A few shares have dropped so much they have fallen to 52-week lows or worse.
Three that have achieved this unwanted feat are listed below. Is it time to snap them up on the cheap?
The PMP Limited (ASX: PMP) share price touched on a multi-year low of 23 cents yesterday. Although there has been no news out of the commercial printer for several months, the last piece of news was a bit of a bombshell and its share price has been reeling ever since. That news was a profit guidance downgrade on its already downgraded guidance. PMP originally expected EBITDA in the range of $70 million to $75 million before revising it lower to the range of $50 million to $55 million and then ultimately $40 million to $45 million. Judging by the share price performance since then, investors aren’t confident that it will achieve this. Nor am I given conditions in the commercial printing industry.
The Telstra Corporation Ltd (ASX: TLS) share price continued its decline on Wednesday and fell to a multi-year low of $2.61. Concerns over the sustainability of its dividend and a lack of investor confidence in its 2022 strategy has weighed heavily on its share price this month. While I do see a lot of value in its shares, I wouldn’t be a buyer until the company has either cut its dividend or given more clarity on its dividend intentions in FY 2019 and beyond.

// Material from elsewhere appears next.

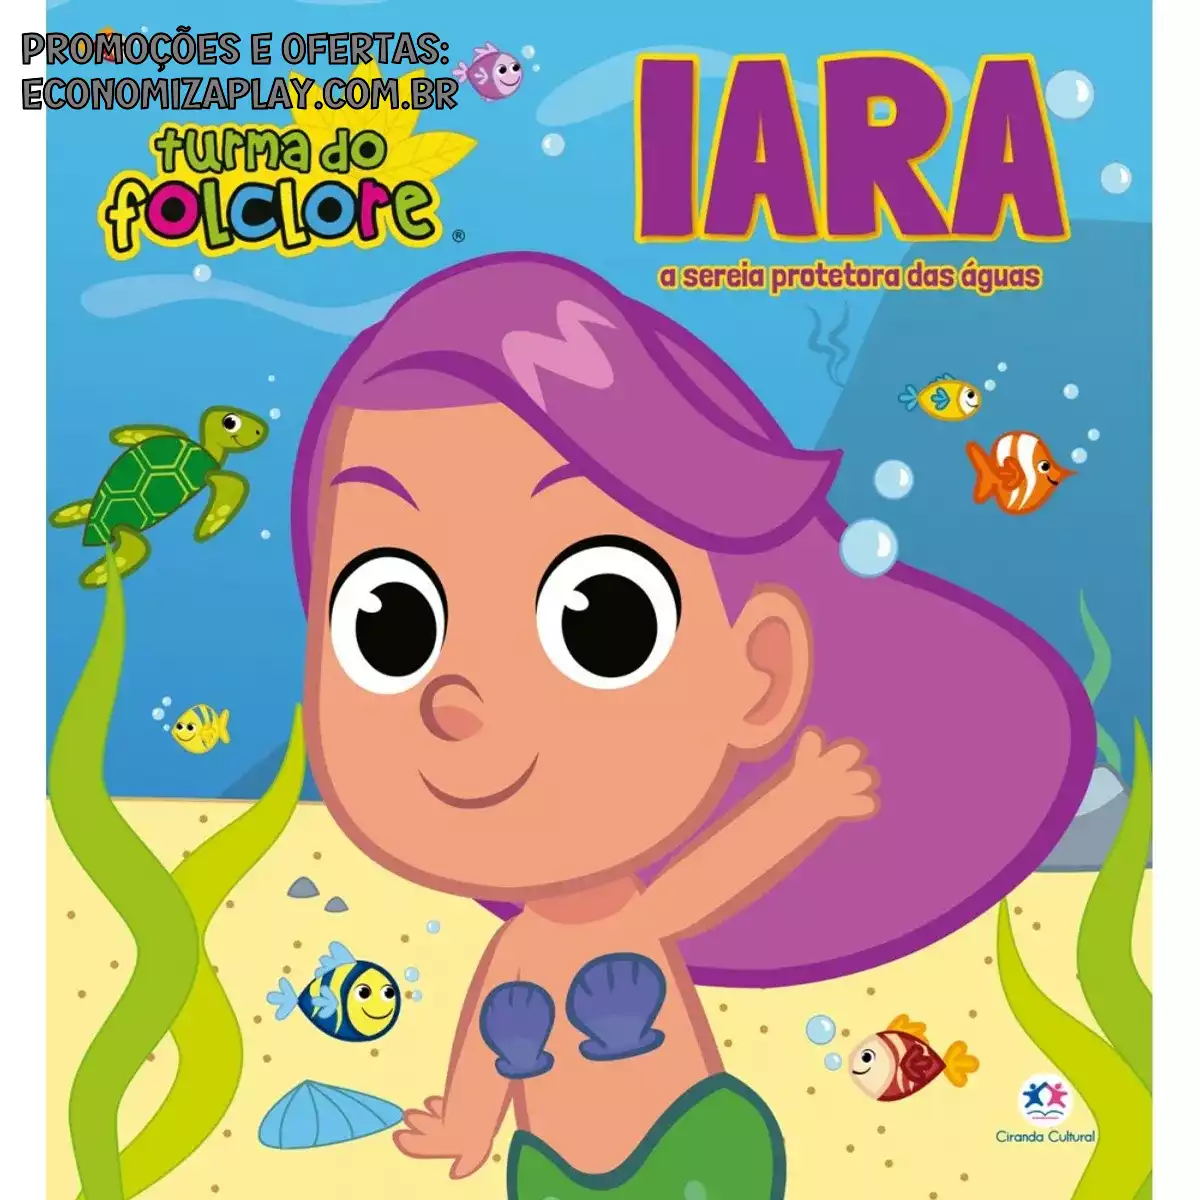 Livro Literatura infantil Turma do Folclore Iara
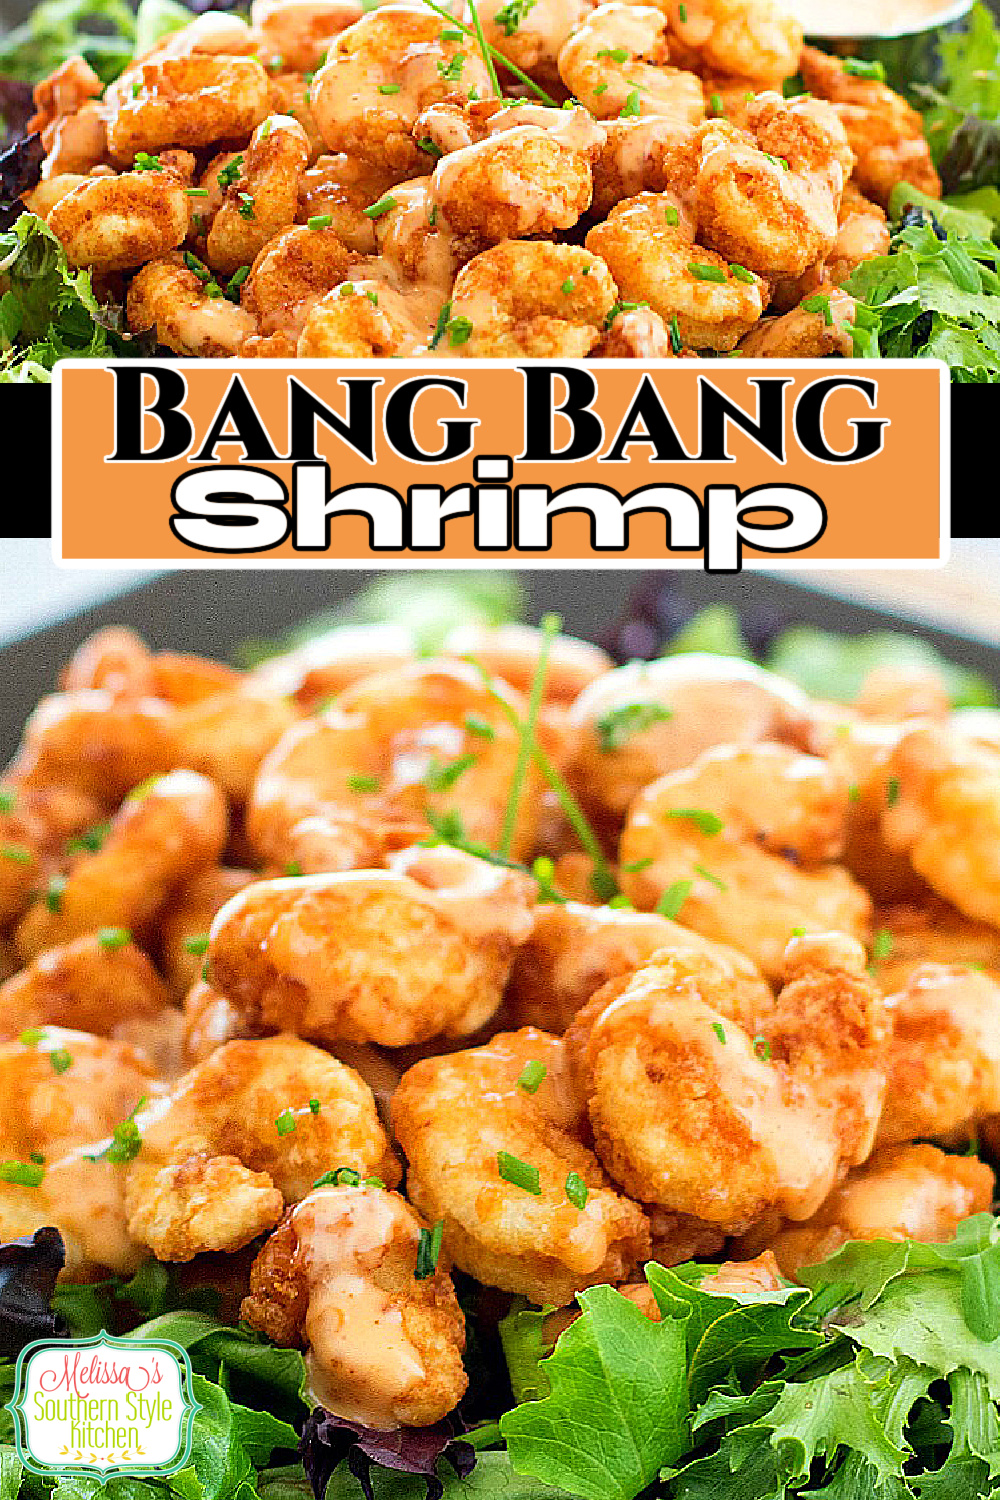 Save money and make this better-than-copycat Bang Bang Shrimp at home #bangbangshrimp #shrimprecipes #dinner #dinnerideas #seafoodrecipes #copycatrecipes #seafood #shrimp #friedshrimp #appetizers #spicy #food #recipes via @melissasssk

The Think Childcare Ltd (ASX: TNK) share price hit a two-year low of $1.62 yesterday as investors continued to be bearish on the childcare industry. Concerns over falling occupancy levels as supply growth outpaces demand growth has weighed heavily on investor sentiment and the Think Childcare share price. Although Think Childcare has a pipeline of centres to acquire periodically that should provide it with inorganic growth, I wouldn’t be a buyer of its shares until there are big improvements in industry trends. Incidentally, the shares of its larger rival G8 Education Ltd (ASX: GEM) are hovering just above their own 52-week low at present.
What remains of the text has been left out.